The Deputy Secretary-General of the United Nations, Amina J. Mohammed, stated this at the Award Ceremony of the Leadership Newspaper, in Abuja, last Thursday.
Mohammed noted that sixty per cent of the world’s best solar resources are on this continent adding that by 2040, Africa could generate ten times more electricity than it needs, and entirely from renewables.
Mohammad regretted that Africa now receives just two per cent of global clean energy investment saying, “And here in Nigeria, more than 86 million people still have no access to electricity at all.”
Expressing concerns over the large population of Nigerians living without access to electricity, the deputy scribe, said however, that Nigeria is responding to this challenge the right way insisting that under President Tinubu’s leadership, Nigeria has developed a best-in-class action plan for climate, one that treats climate not as a constraint but as an engine for growth.
According to her, by placing energy access, climate-smart agriculture, clean cooking, and water management at the heart of its development agenda, Nigeria is showing what serious climate leadership looks like but Nigeria cannot close the climate action gap alone.
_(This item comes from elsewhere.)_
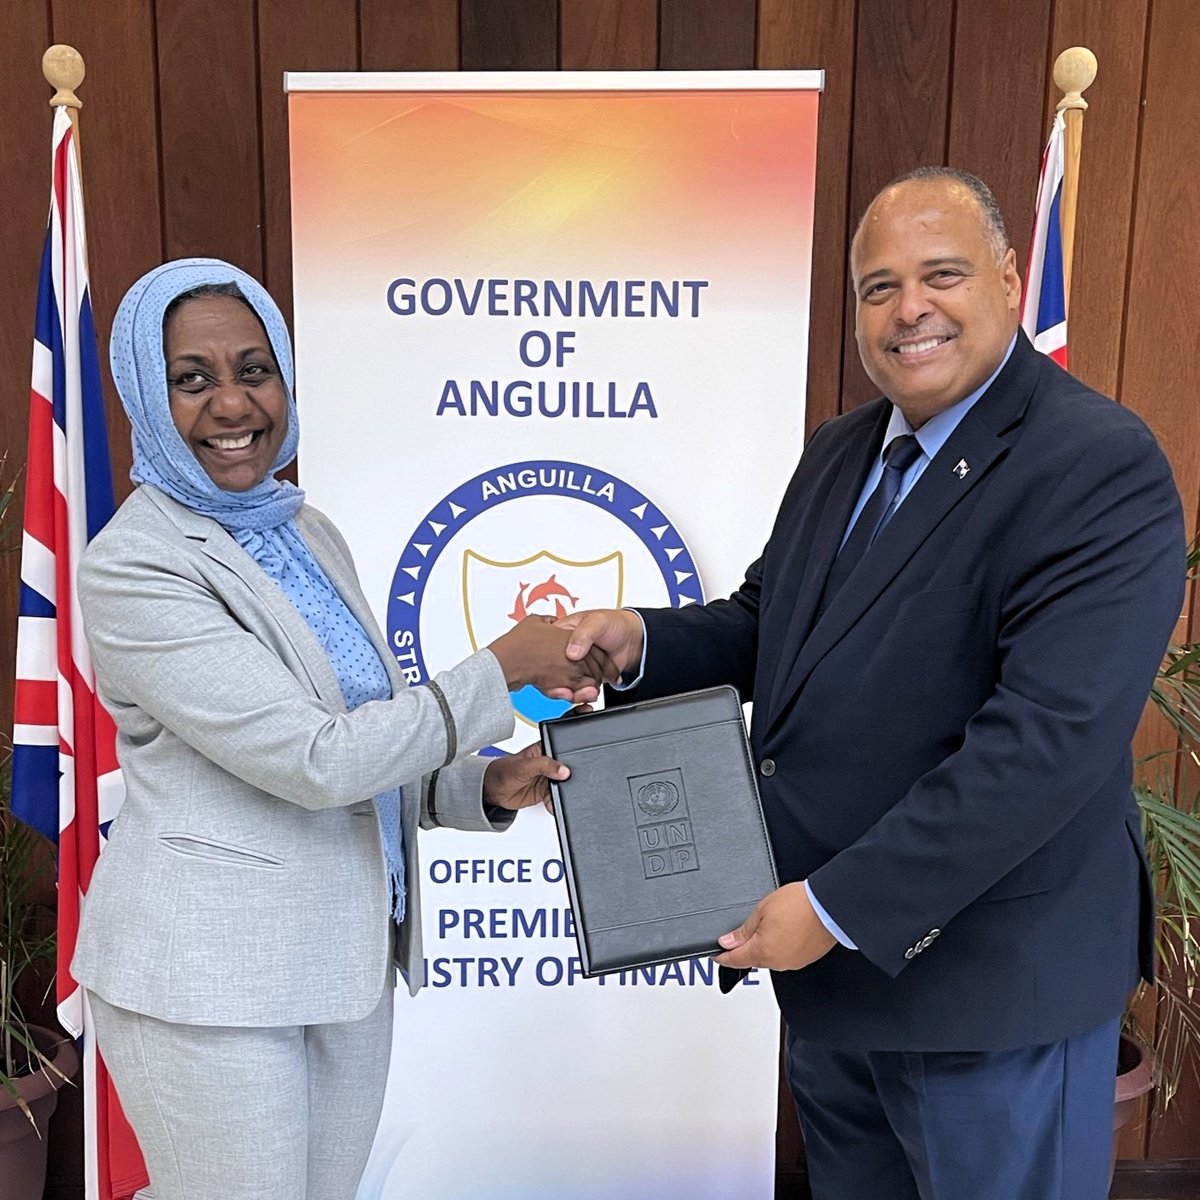 Presented my letters of credence to #Anguilla 🇦🇮Premier, Hon. Dr. Ellis Webster, yesterday. Discussed the way forward for @UNDPBarbadosEC support - #digitaltransformation is critical for improved access to public services, employment & entrepreneurship, especially for #youth.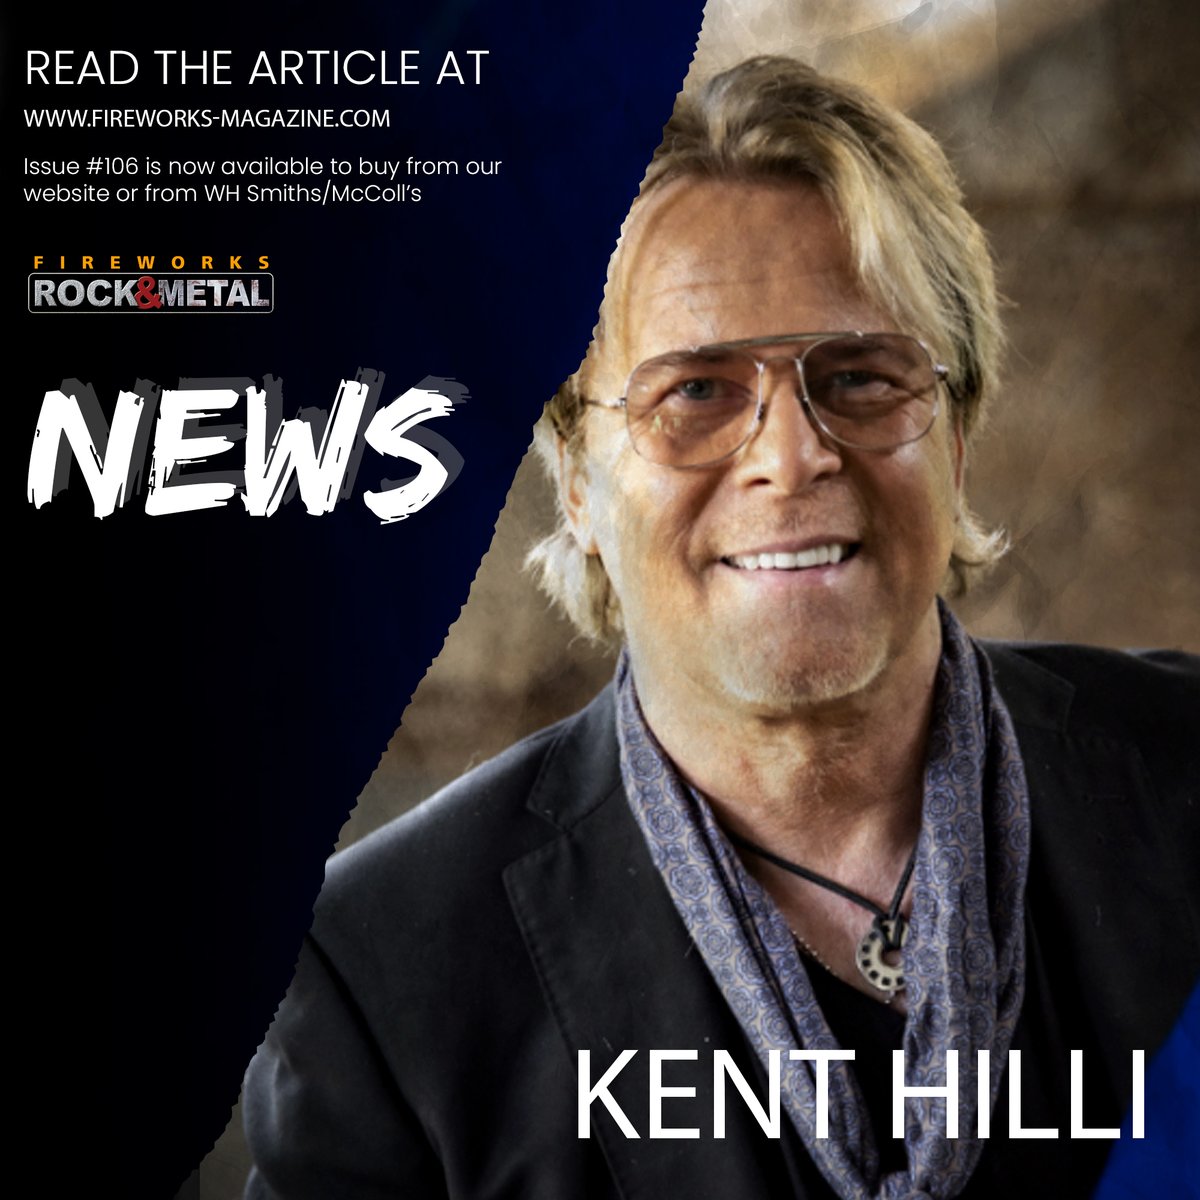 𝗘𝗫𝗖𝗘𝗟𝗟𝗘𝗡𝗧! Kent Hilli Releases New Single & Video ‘Can't Stop Loving You’ via Frontiers Music 𝘙𝘦𝘢𝘥 𝘢𝘣𝘰𝘶𝘵 𝘪𝘵 𝘩𝘦𝘳𝘦: wix.to/bmnpIYj @FrontiersMusic1 -- BUY Issue #106 from fireworks-magazine.com 𝙐𝙆 𝙎𝙪𝙗𝙨𝙘𝙧𝙞𝙥𝙩𝙞𝙤𝙣𝙨 𝙟𝙪𝙨𝙩 £32.

 “Developed countries must the triple adaptation financing, we need for serious contributions to the Loss and Damage Fund, and mobilize 300 billion dollars per year by 2035 for developing countries to succeed. Early warning systems need to reach everyone, so that communities have the means to prepare for climate shocks before they hit.
“And as Africa drives the global renewables revolution, including through its critical minerals, Africans must be the first and primary beneficiaries of the wealth that they generate”, Mohammed stated.